Daí fiquei interessada em conhecer a história do famoso álbum, The Wall, considerado um dos mais criativos da história do rock.

Descobri tratar-se de uma combinação entre imaginação e a vida do próprio autor. 

Desde o lançamento do álbum de estúdio em 1979, a turnê entre 1980 e 1981 e o filme de 1982 (dirigido por Alan Parker), o The Wall se tornou sinônimo, se não a própria definição, do termo “álbum conceitual”. Surpreendentemente explosivo no registro, incrivelmente complexo no palco e visualmente dinâmico na tela.

Na história, baseada na trajetória de vida de Roger, Pink é um astro do rock que se utiliza das drogas a fim de sair de órbita e, desta forma, construir uma parede imaginária (The Wall) que o separe do público. Ele rememora a morte do pai,  sua relação com uma mãe extremamente destrutiva e as punições cruéis que sofreu dos seus professores.

Desde o início, a vida de Pink gira em torno deste abismo de perda e isolamento, e que se inicia durante os conflitos finais de uma guerra que custou a vida de quase 300.000 soldados britânicos – o pai de Pink entre eles. Com uma mãe super protetora que se reveza entre atitudes de amor e de imposição do medo, nosso herói busca construir o muro que lhe garanta, além de alienação em relação aos problemas emocionais, um mínimo de equilíbrio.

Todos os incidentes que causam a dor rosa são mais um tijolo em sua parede: uma infância sem pai, uma mãe dominadora, um rígido sistema de educação empenhado em reproduzir engrenagens complacentes na roda da sociedade, um governo que trata seus cidadãos como peças de xadrez, a superficialidade do estrelato, um casamento distante, até mesmo as próprias drogas para as quais ele se volta para encontrar a liberação. 

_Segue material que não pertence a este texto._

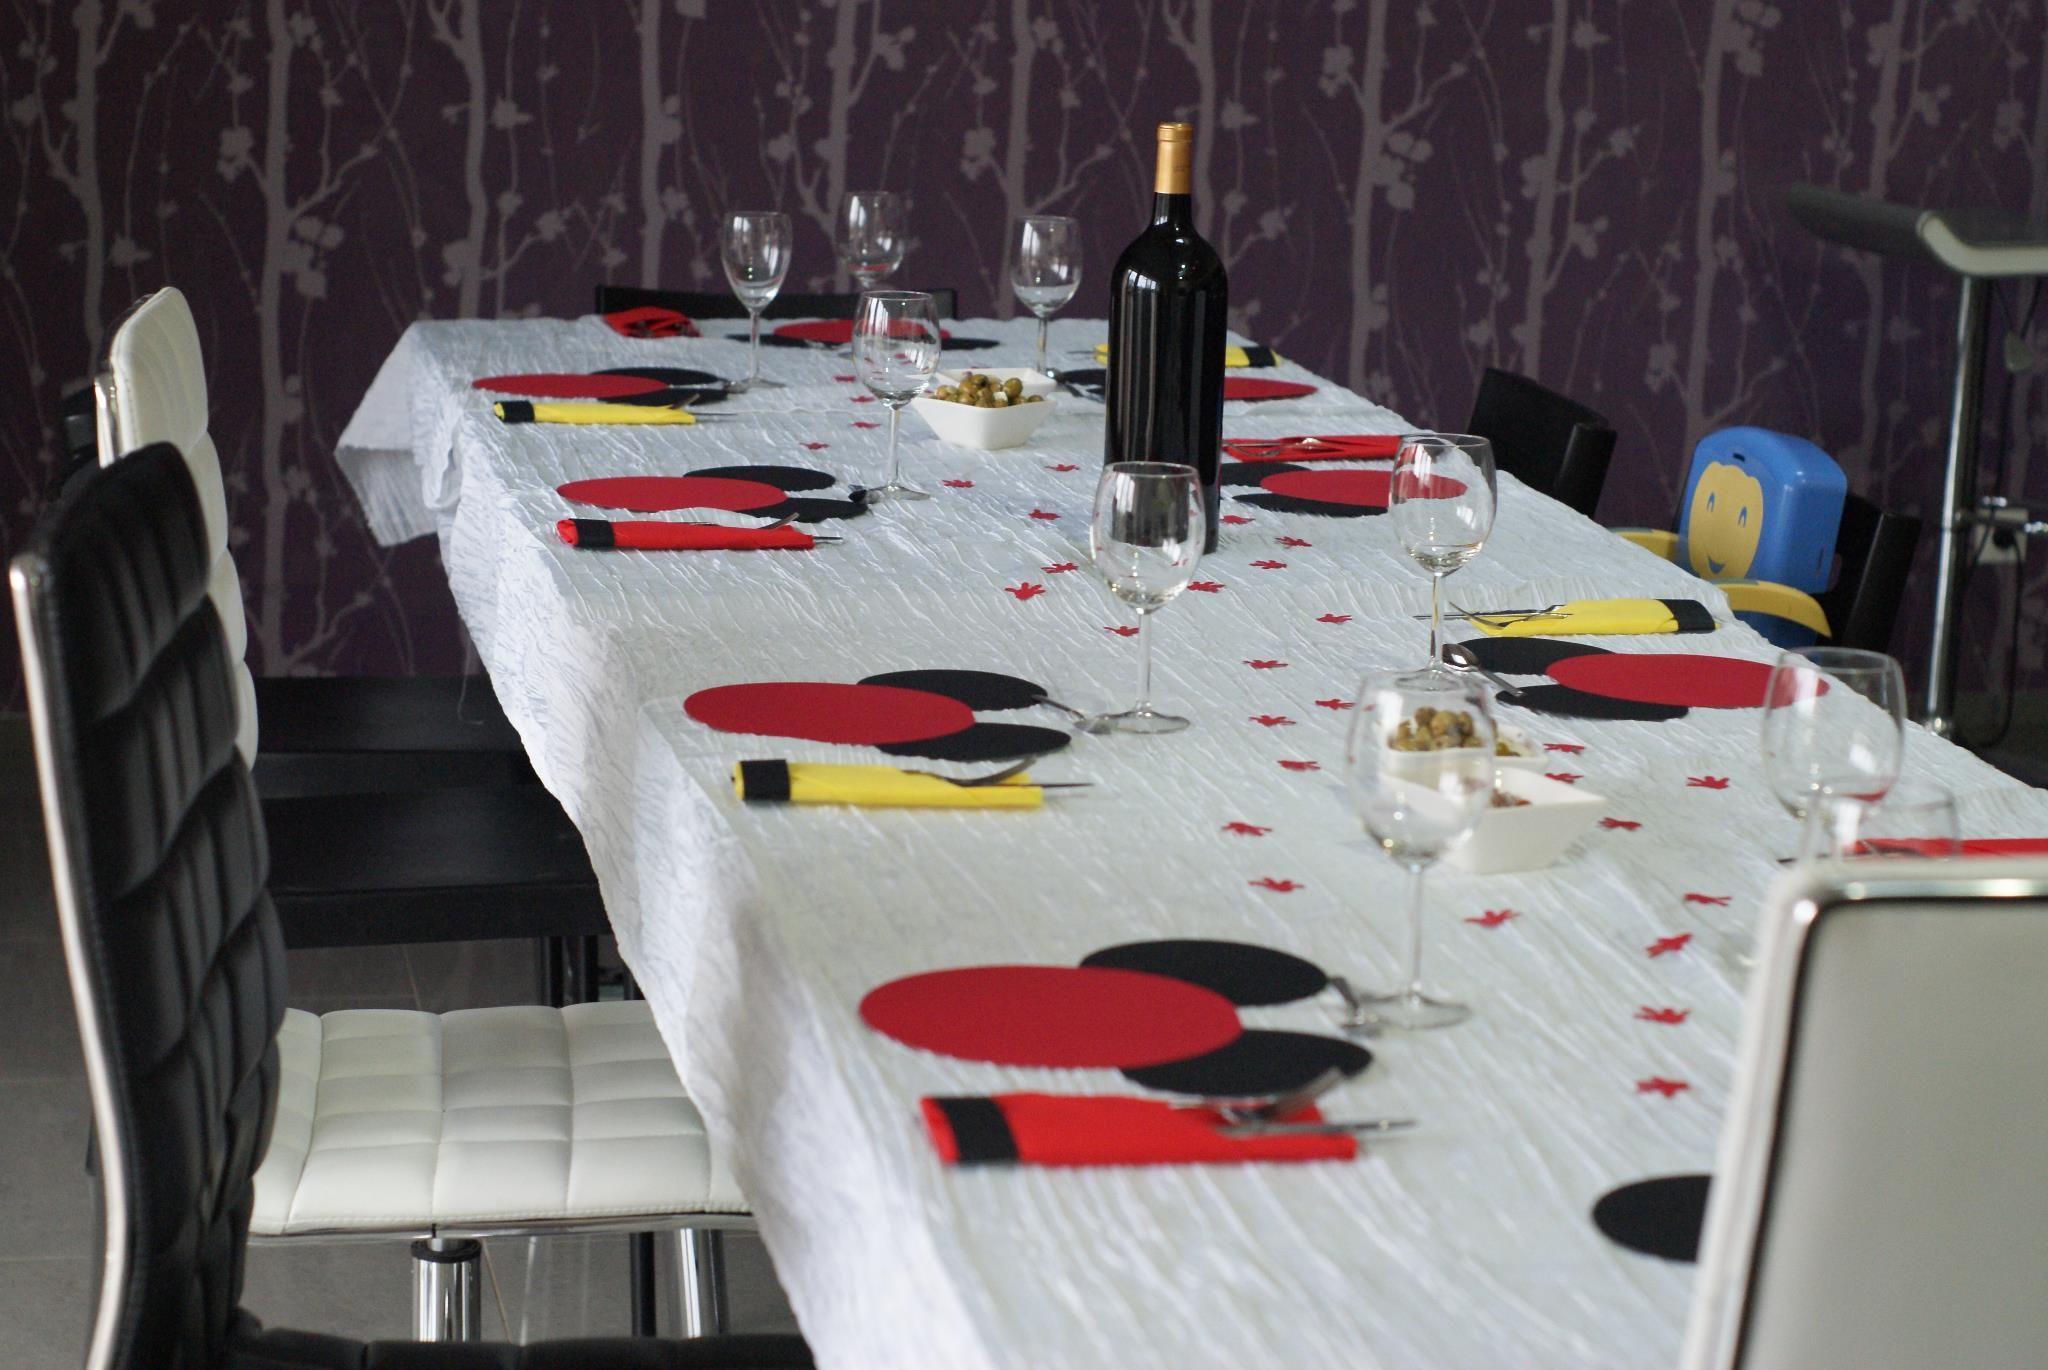 3 ans louis mickey mes r alisations 2013 pinterest anniversaire mickey anniversaires et. Black Bedroom Furniture Sets. Home Design Ideas

Enquanto isto sua parede se aproxima da conclusão, em um verdadeiro País das Maravilhas da insanidade. 

É então que a gravidade das escolhas de sua vida se instala. Agora acorrentado a seus tijolos, Pink assiste, impotente, sua psique fragmentada se unir à personalidade ditatorial que antagonizou o mundo durante a Segunda Guerra Mundial, matou seu genitor e afetou sua vida desde o nascimento. 

Finalmente, ele torna-se um ditador fascista. A síntese do terror que assassinou seu próprio pai.

A narrativa culmina em um rico e profundo julgamento mental que termina com uma mensagem que é tão enigmática quanto o resto de sua vida. Se, em última análise, é vista como uma história cínica sobre a futilidade da vida, ou uma jornada esperançosa de morte e renascimento metafórica, The Wall é certamente um marco musical digno do título “arte”.

Assim, o filme retrata a construção e a demolição final de um muro metafórico onde a própria parede reflete claramente uma sensação de isolamento e alienação.

Tudo indica que Waters, atualmente com setenta e nove anos, chegou a uma reconciliação com seu passado e a atual produção contemporânea do The Wall Live visa demonstrar sua preocupação com a forma com que as forças, por trás desses males, têm se infiltrado nas sociedades de maneira assustadora.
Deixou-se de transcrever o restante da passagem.